Let’s take for example the marathon runner. A world class time is to run a marathon in about two hours, yet — let’s say — we are currently running the marathon in about three hours, which is still pretty quick. Gee, if we believe real hard and run as fast as we can, we certainly should be able to reduce our time by 33% and run it in two hours! That doesn’t sound too bad. Let’s do it!
Unsurprisingly, very few improvements in sports or business come by just trying really hard and thinking about a target number. Instead, it ultimately consists of step by step changes following a specific program of improvement. Yes, we do periodically discover a disruptive change (PCs, internet, social media, mobile phones, mobile apps, etc.) that results in a change in approach and a huge change in productivity.
I was feeling proud of myself for getting through to the new CEO. He finally believed my numbers showing that a key problem was that we consistently missed our schedules by 20% by underestimating how long it would take for us to complete our projects.

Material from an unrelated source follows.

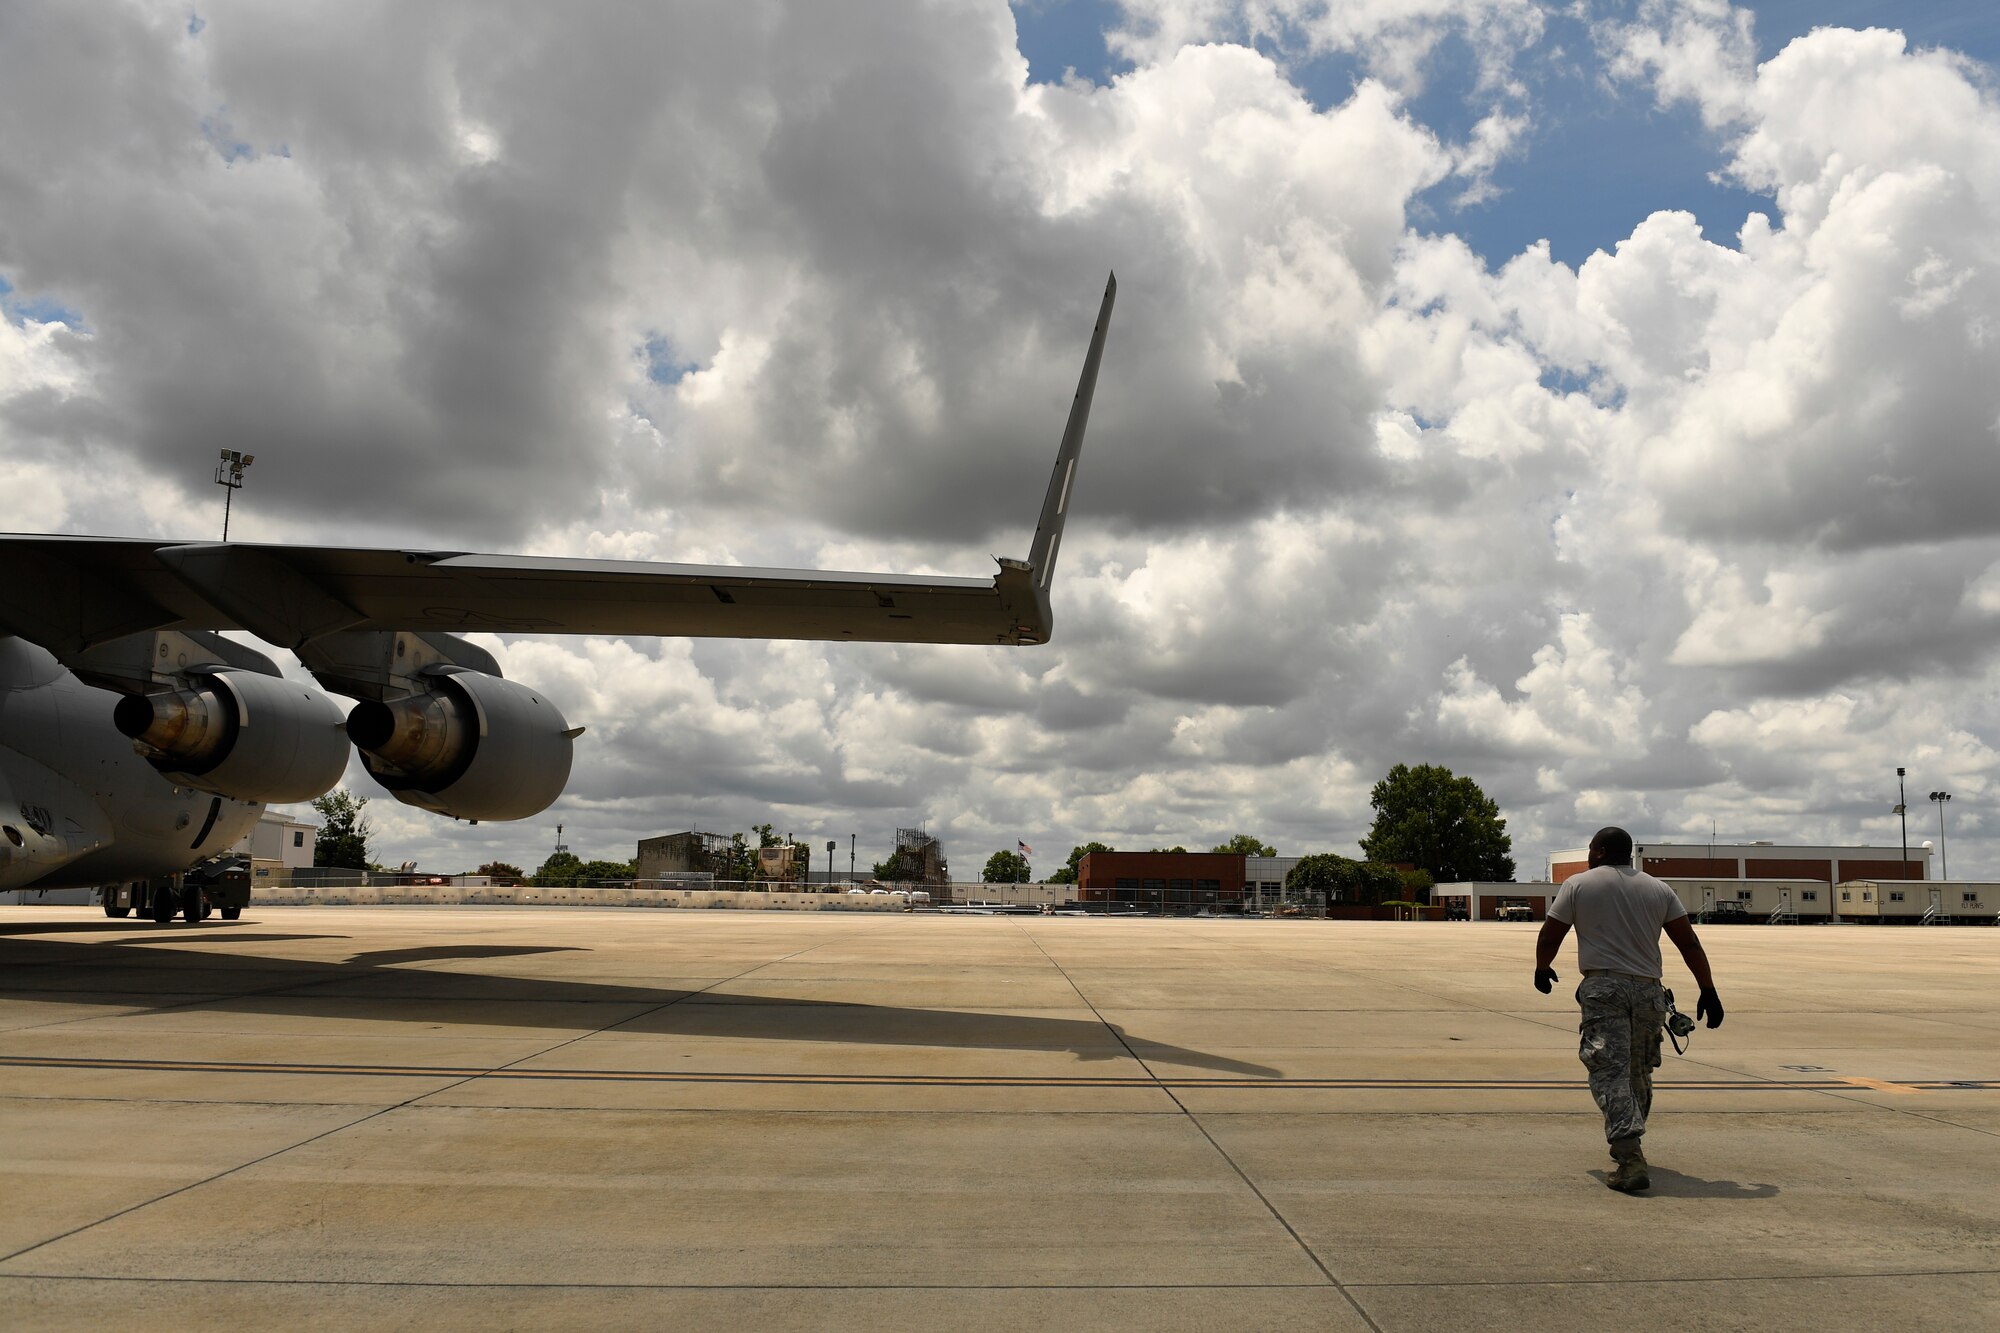 U.S. Air Force Senior Airman Nicklaus Moore, 145th Aircraft Maintenance Squadron, looks for any potential wing hazards while a C-17 Globemaster III is towed at the North Carolina Air National Guard Base, Charlotte Douglas International Airport, July 24, 2018. Moore is responsible to ensure the aircraft wing is clear throughout the towing process.

My solution was pretty simple, we start planning the next product 20% earlier (about three months for most projects). His solution? Buried in his “how we get well” Powerpoint slides at the corporate all-hands meeting was one bullet that said “and do it all 20% faster ….” Did we succeed? No.

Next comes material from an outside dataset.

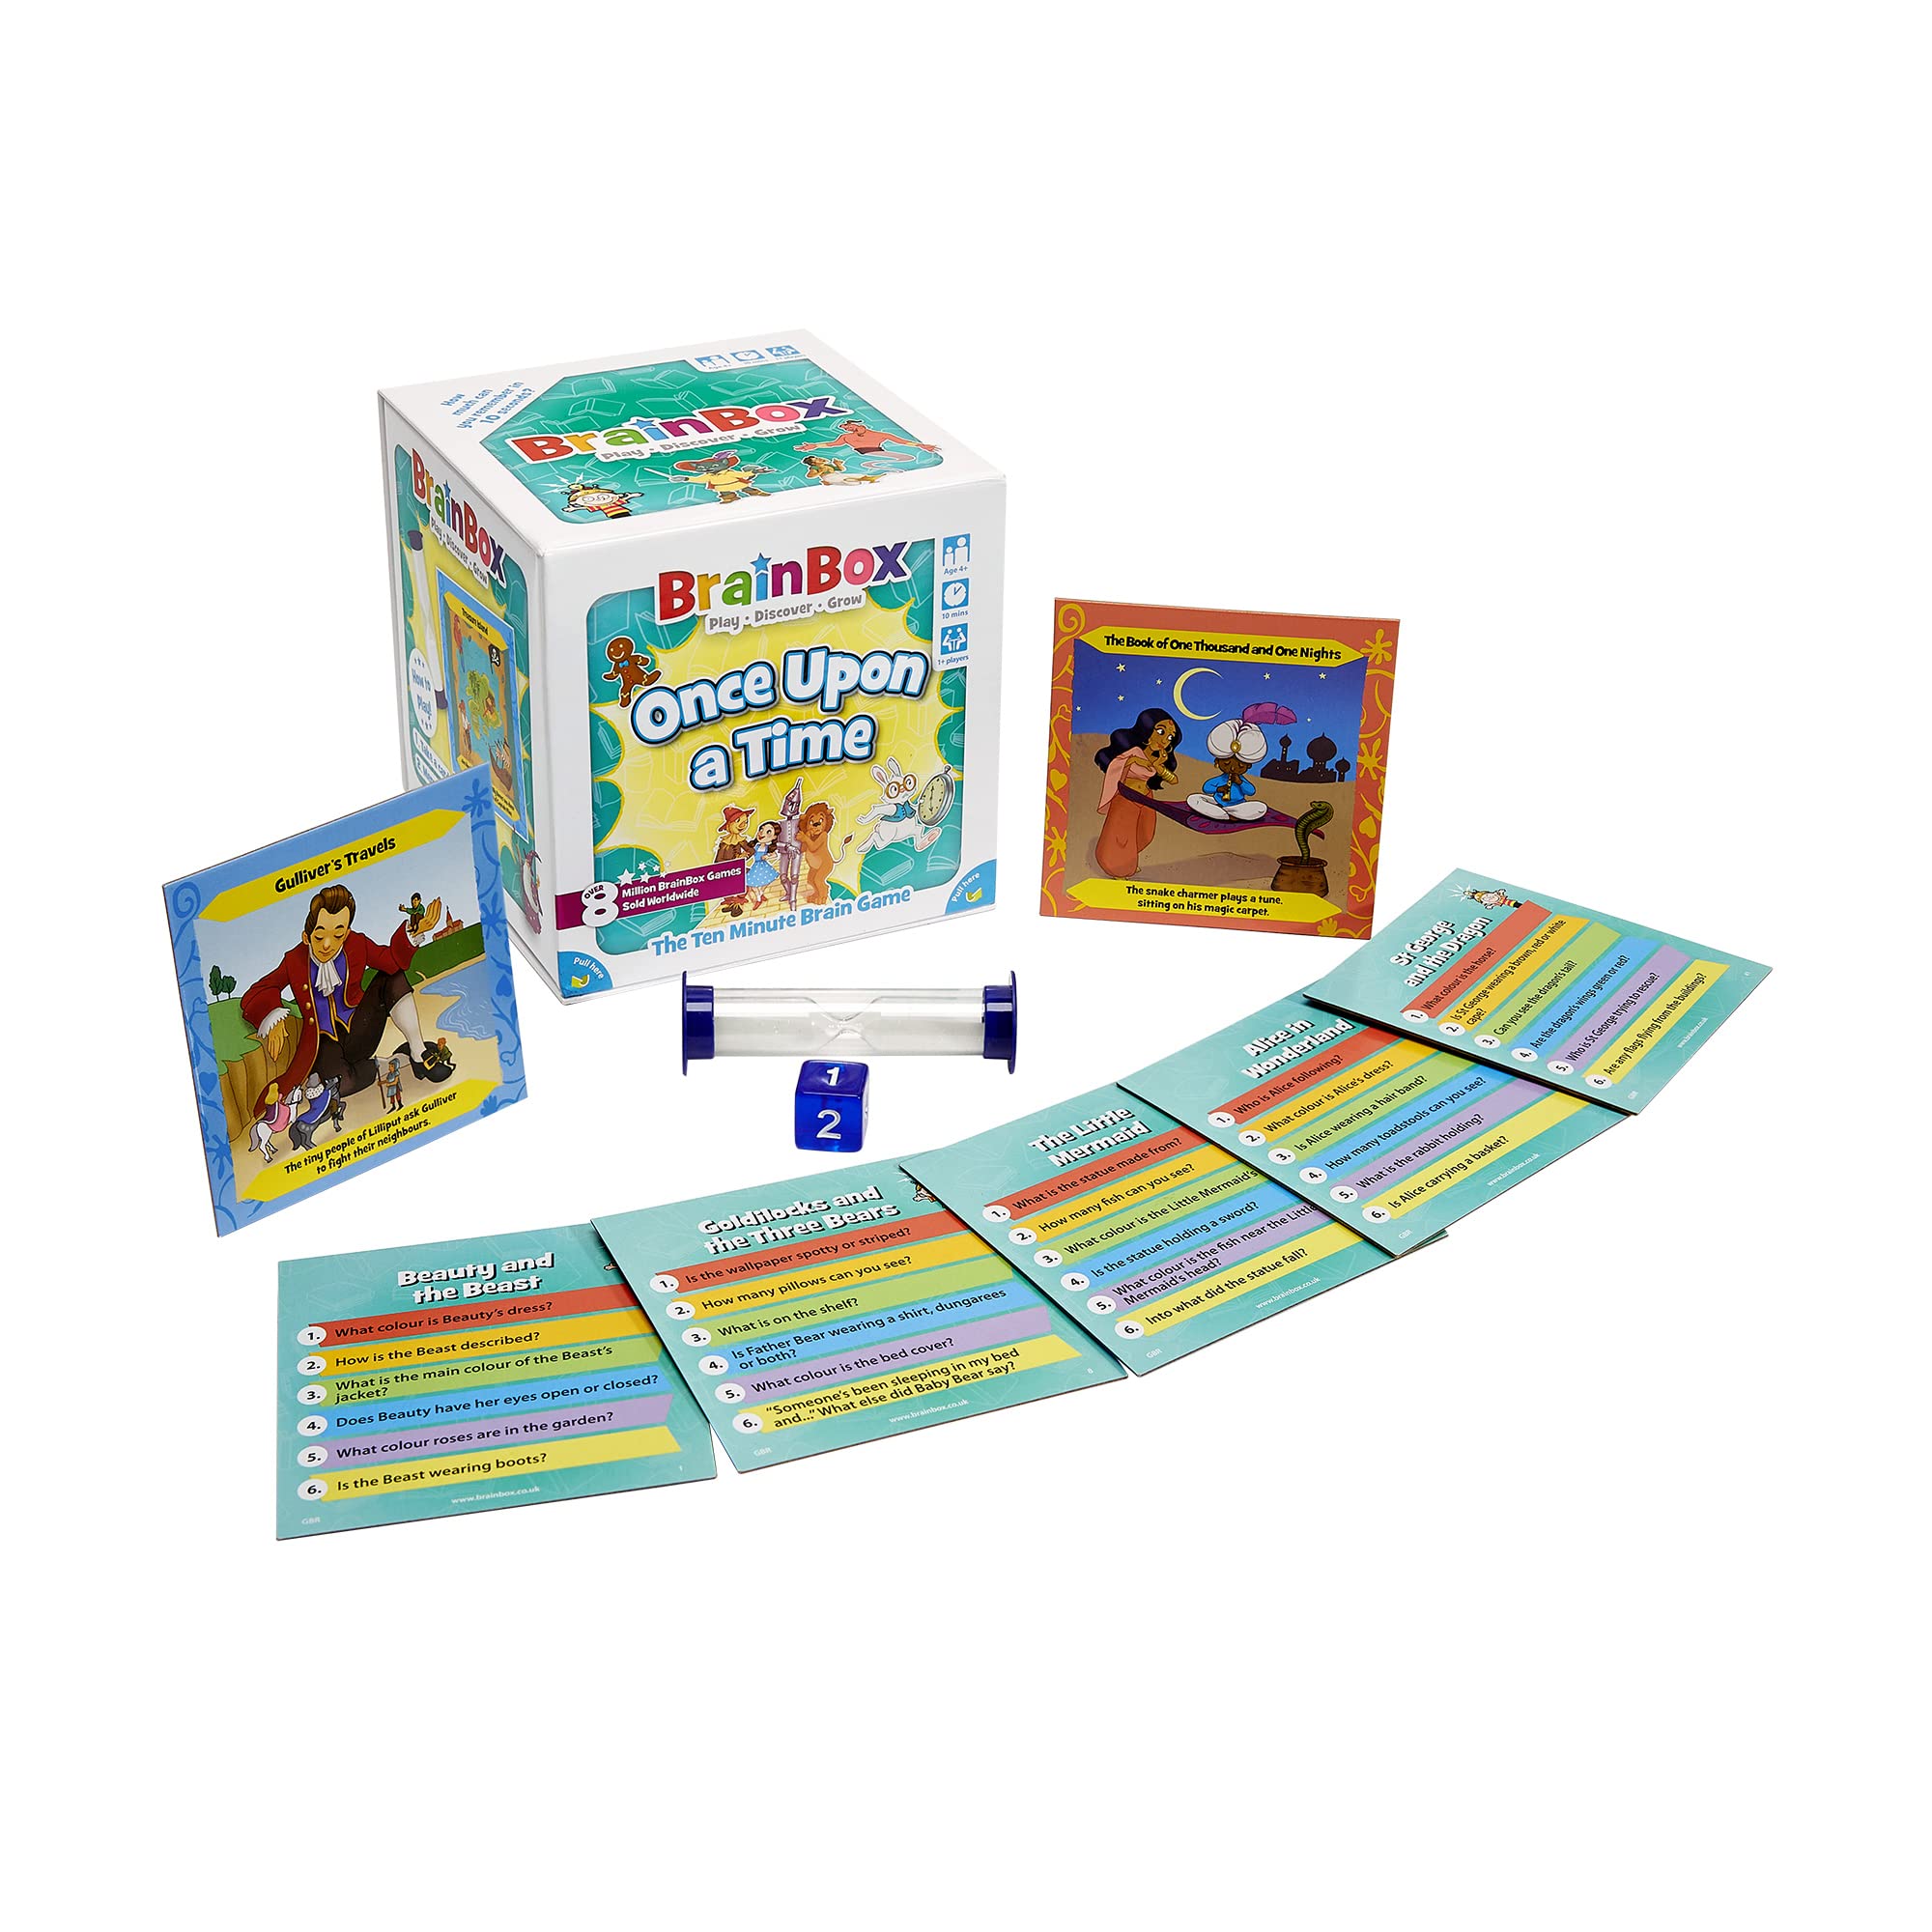 BrainBox Once Upon a Time Card Game | Trivia Game | Fun Game for Family Game Night | Memory Game for Kids and Adults | Ages 8+ | 1+ Players | Average Playtime 10 Minutes | Made by Green Board Games

While we want to stay positioned to leverage the ability to make a significant improvement (usually by letting individuals pursue innovative ideas) the majority of improvements between these major innovations come from incremental changes to existing processes. These are rarely 33-50% improvements, but often 3-5% improvements that build on themselves in a compounding way.
For more on where innovations come from see The Project Manager’s Secret Of Innovation
We had finally gotten our organization to deliver our software upgrades on time and with good quality. We had simultaneously cleaned up our backlog of requested customer changes and just about all reported defects. Our customers were delighted and rewarded us with a flood of new requests for improvements.
However, not everyone was happy. One major customer, who was always pushing us to do more, told us they did not want to take our newest version. While we had given them everything they had asked for, it turned out that it was too many changes for them to absorb into their business processes.
While we had worked hard and accomplished a lot as a team to achieve this new level of productivity and quality, none of the changes in how we worked were very big or very hard to implement. In this case we simply got better at doing what we were already doing. These small incremental improvements overcame our problems, and our backlog.
For some specific examples of improvements, see It Should Work The First Time
Focusing on incremental improvements while staying positioned to jump on new revolutionary changes is a formula for staying competitive and in business (or in our job) during both good and bad times. While this may be obvious, too often I’ve observed companies focusing on the “big win” and neglecting the day to day improvements that can keep them in business and keep them ready to capture that big wave of the future, a step ahead of their competitors.
Are you doing enough incremental improvements to keep you competitive until the next big thing?